Updated: April 23, 2018
Wells Fargo was fined $1 billion for engaging in acts of forcing its customers into its auto loan program and charging unfair fees to mortgage borrowers. The Consumer Financial Protection Bureau and the Office of the Comptroller of Currency –both federal regulators– announced the fine on Friday (April 20, 2018). This is the largest such penalty so far that has been issued against a Wall Street bank under the Trump administration.
Last year, Wells Fargo apologized for charging 570,000 clients for car insurance they did not need. It was revealed in an internal review that 20,000 of those customers may have defaulted on their car loans and had their vehicles seized in part due to those unnecessary insurance costs.
Wells Fargo, in October, also disclosed that some of their mortgage borrowers were wrongly charged for missing a deadline to secure the lock in promised interest rates, despite the bank being responsible for the delays caused.
Both the federal regulating bodies provided a roadmap for Wells Fargo to mend its practices that led to the consumer abuses. They also created a compliance committee to monitor the entire process. The bank will now need to provide updates to the regulators on its progress.
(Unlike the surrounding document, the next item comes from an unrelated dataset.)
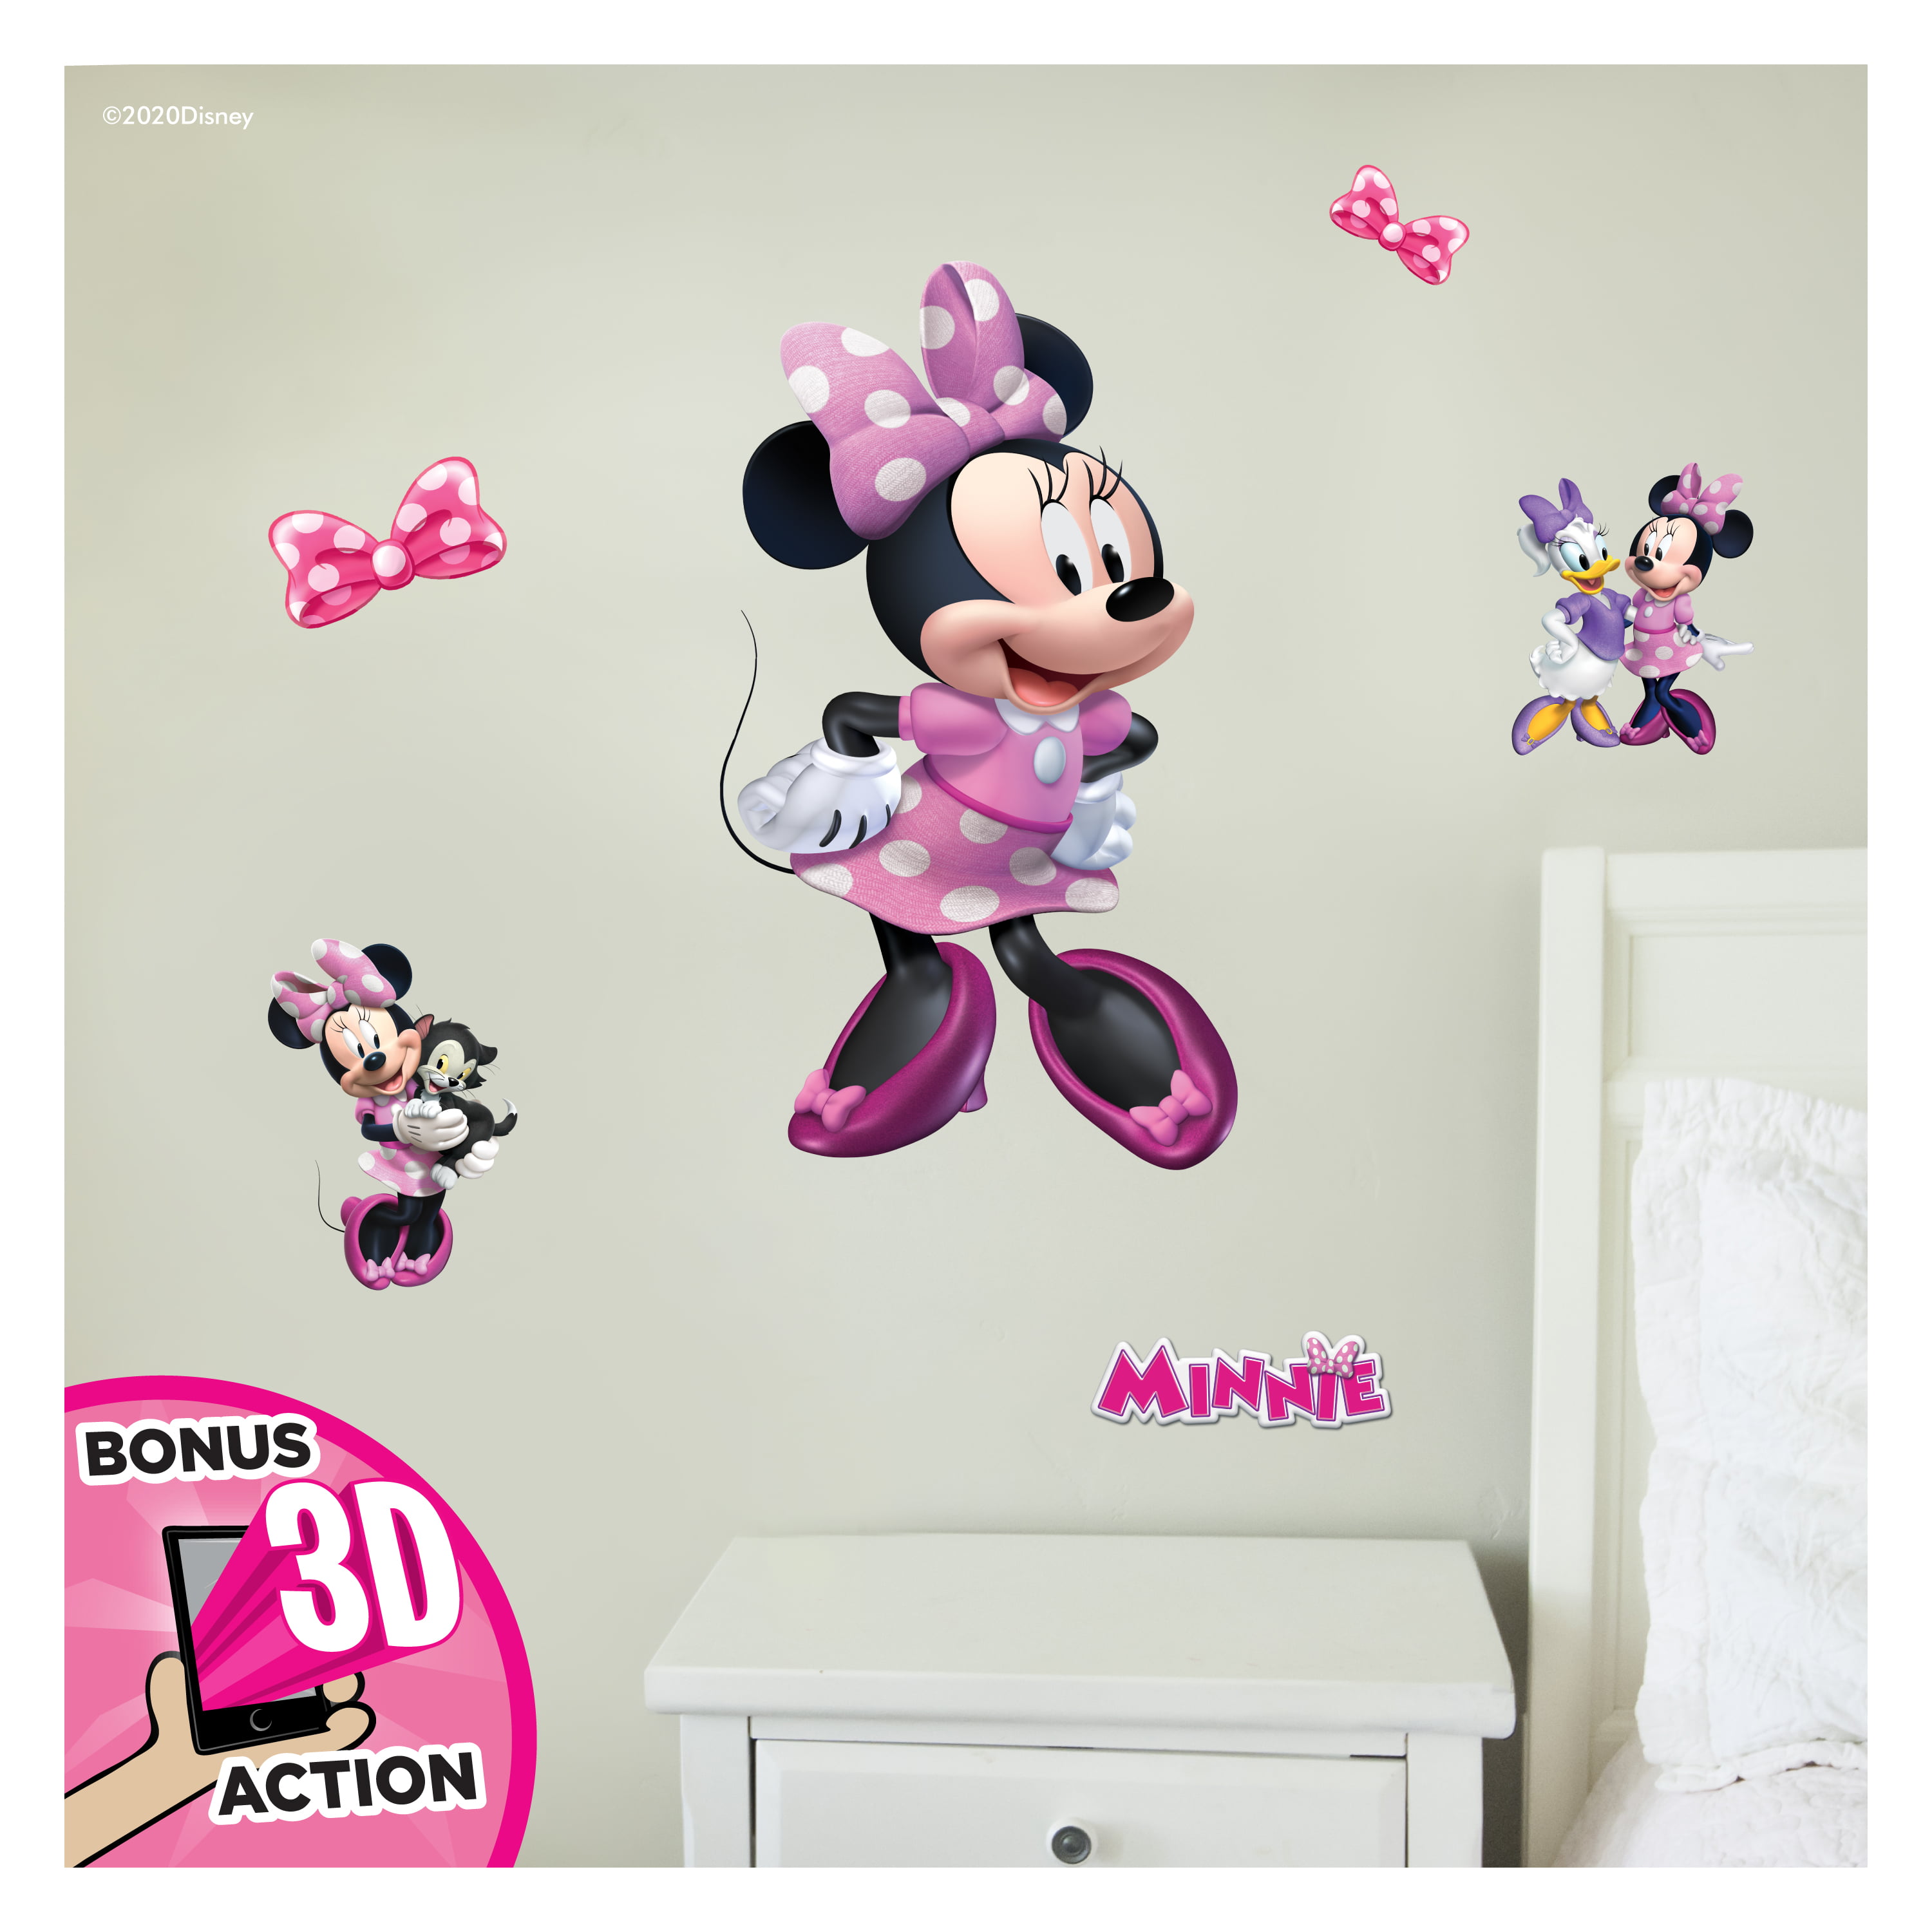 10 MICKEY MOUSE WALL STICKER WALL DECALS 3 SIZES PHOTOPAPER 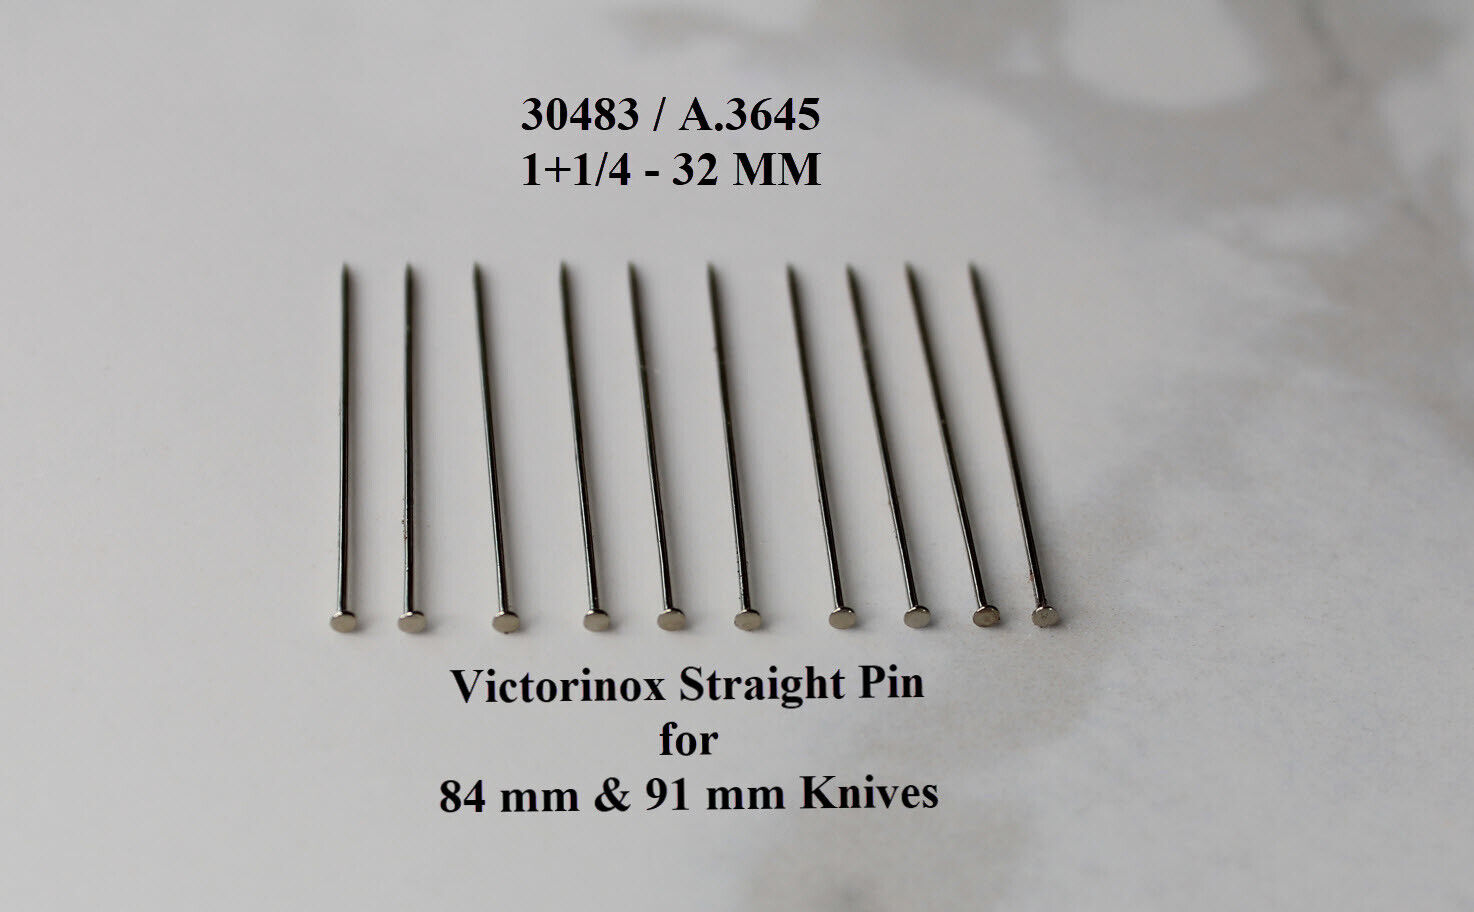 Lot 10 Replacement Upgrade Stainless Straight Pins Victorinox 84mm/91mm Knives Fits Victorinox Swiss Army Knife 30483 / A.3645 Replacement - фотография #2

Wells is also be required to identify customers that have been hurt by its misconduct and reveal to the regulators how it intends to compensate the affected customers.
Regulators said that the bank had already started taking steps to set right its wrongdoings. The CEO of Wells Fargo, Timothy Sloan said that the bank has made progress toward delivering their promises to review all the practices, fix them and make things right for their customers.
“Our customers deserve only the best from Wells Fargo, and we are committed to delivering that,” he said after the penalty was announced. The bank was fined $500 million by each of the agencies. It is required to pay its penalty to the Consumer Financial Protection Bureau within 10 days. The OCC did not specify a deadline for the payment.
Mick Mulvaney, the acting director of CFPB, ordered for the shutdown of the bureau and delayed payday-loan rules. It is due to this decision that lawsuits against payday-lenders were dropped and the fair-lending division was stripped of its powers. Mick Mulvaney also mentioned to a hearing house that the bureau had not launched any enforcement actions since he came to power last fall.